Studio album by Falling Up
- Released: July 15, 2013
- Recorded: October 9, 2012 – February 19, 2013
- Genre: Experimental rock, Christian rock, art rock
- Length: 70:50
- Label: Independent
- Producer: Jessy Ribordy

Falling Up chronology
| Mnemos EP (2011) | Hours (2013) | Silver City EP (2013) |

= Hours (The Machine De Ella Project) =

2013 album by Falling Up

Hours is a 2013 concept album recorded by experimental Christian rock band Falling Up. It is part of the Machine De Ella project, which includes a novel, also entitled Hours, written by lead-singer and producer, Jessy Ribordy. The project also includes their album Midnight on Earthship. Hours, along with Midnight on Earthship, is Falling Up's sixth/seventh studio album. It was released over a period of time, having started on October 9, 2012, and concluded on February 19, 2013. A new song was released every two weeks for approximately four months until all twelve tracks were digitally released to the Machine De Ella members. It is the first Falling Up album to feature Nick Lambert, who had previously worked as a session guitarist on Your Sparkling Death Cometh.

"Hours" original artwork

In order to fund the creation of physical copies of both Hours and Midnight on Earthship, Falling Up launched a KickStarter.
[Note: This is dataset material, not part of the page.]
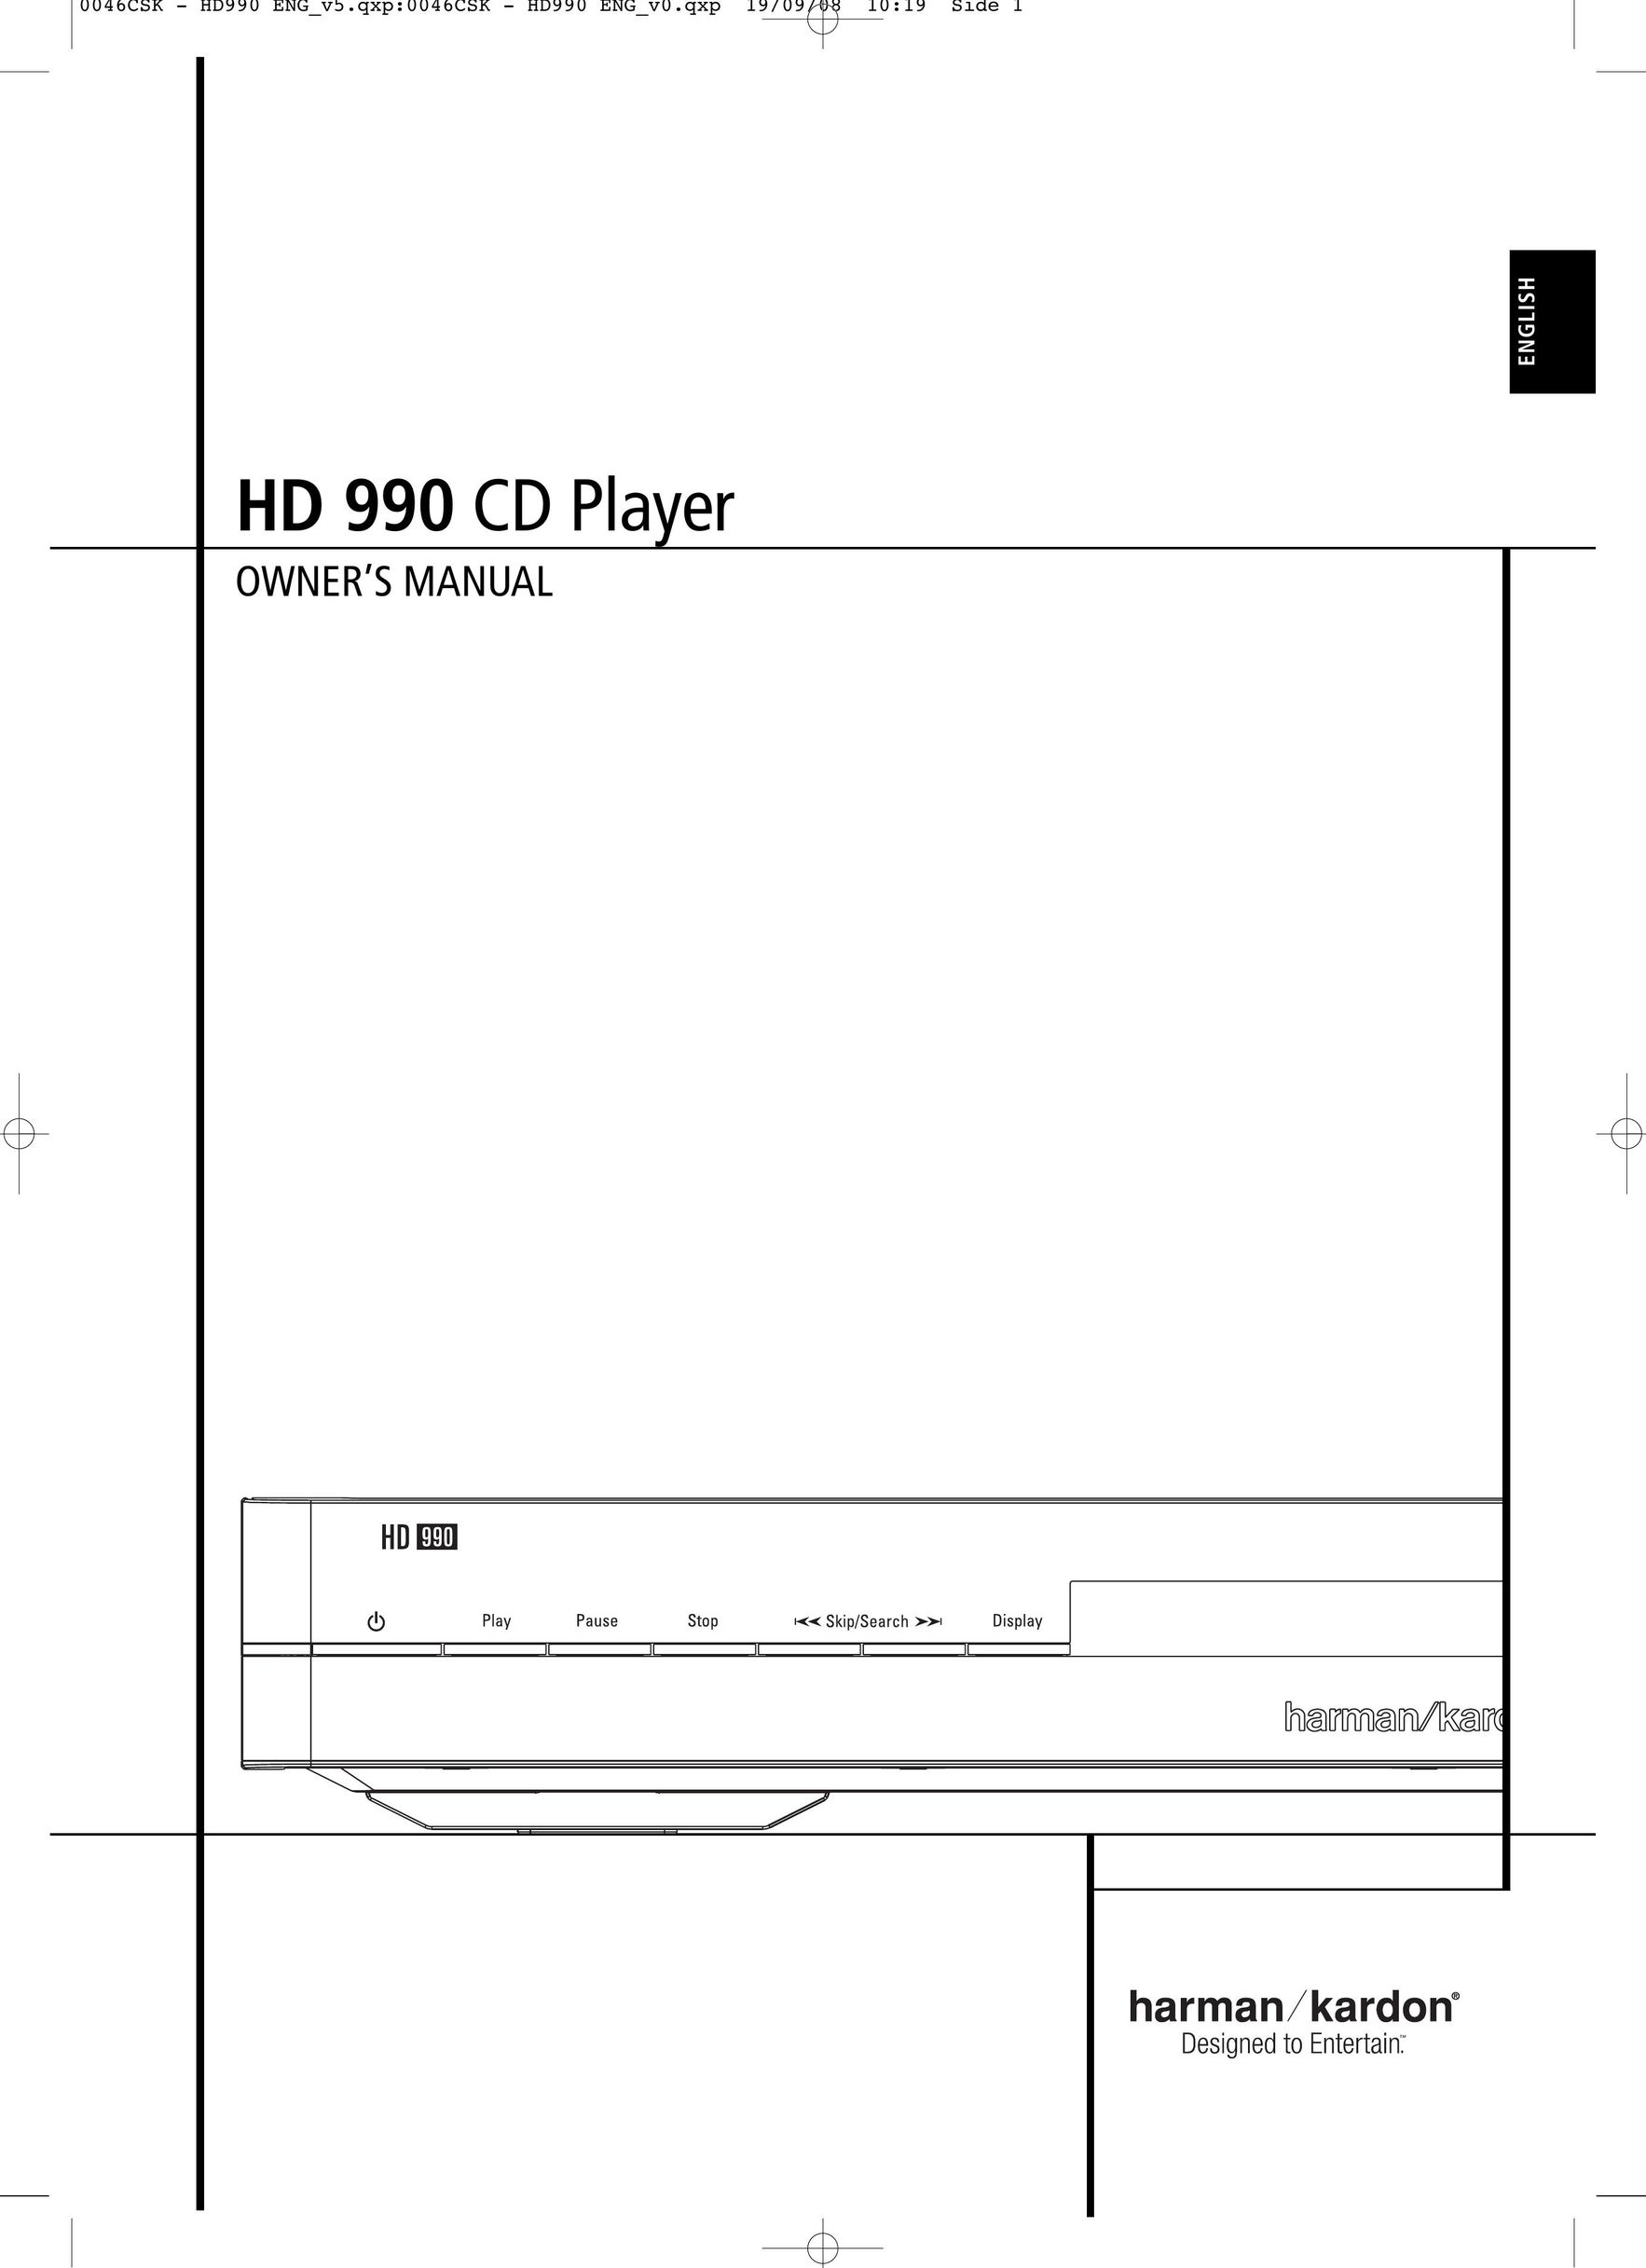 Harman-Kardon HD 990 CD Player User Manual (Page 1)

One of the bonus rewards for the funding reaching $1,000 over the minimum requirement was that an additional song would be recorded. Falling Up stated that the new song had already been written, and would be "making some interesting new connections between the story of Hours and Fangs!" The funding was reached and exceeded the minimum amount by $2,340.

The album's official release came on July 15, 2013, where the physical and digital albums went up for sale on Falling Up's official website, iTunes, and other retailers.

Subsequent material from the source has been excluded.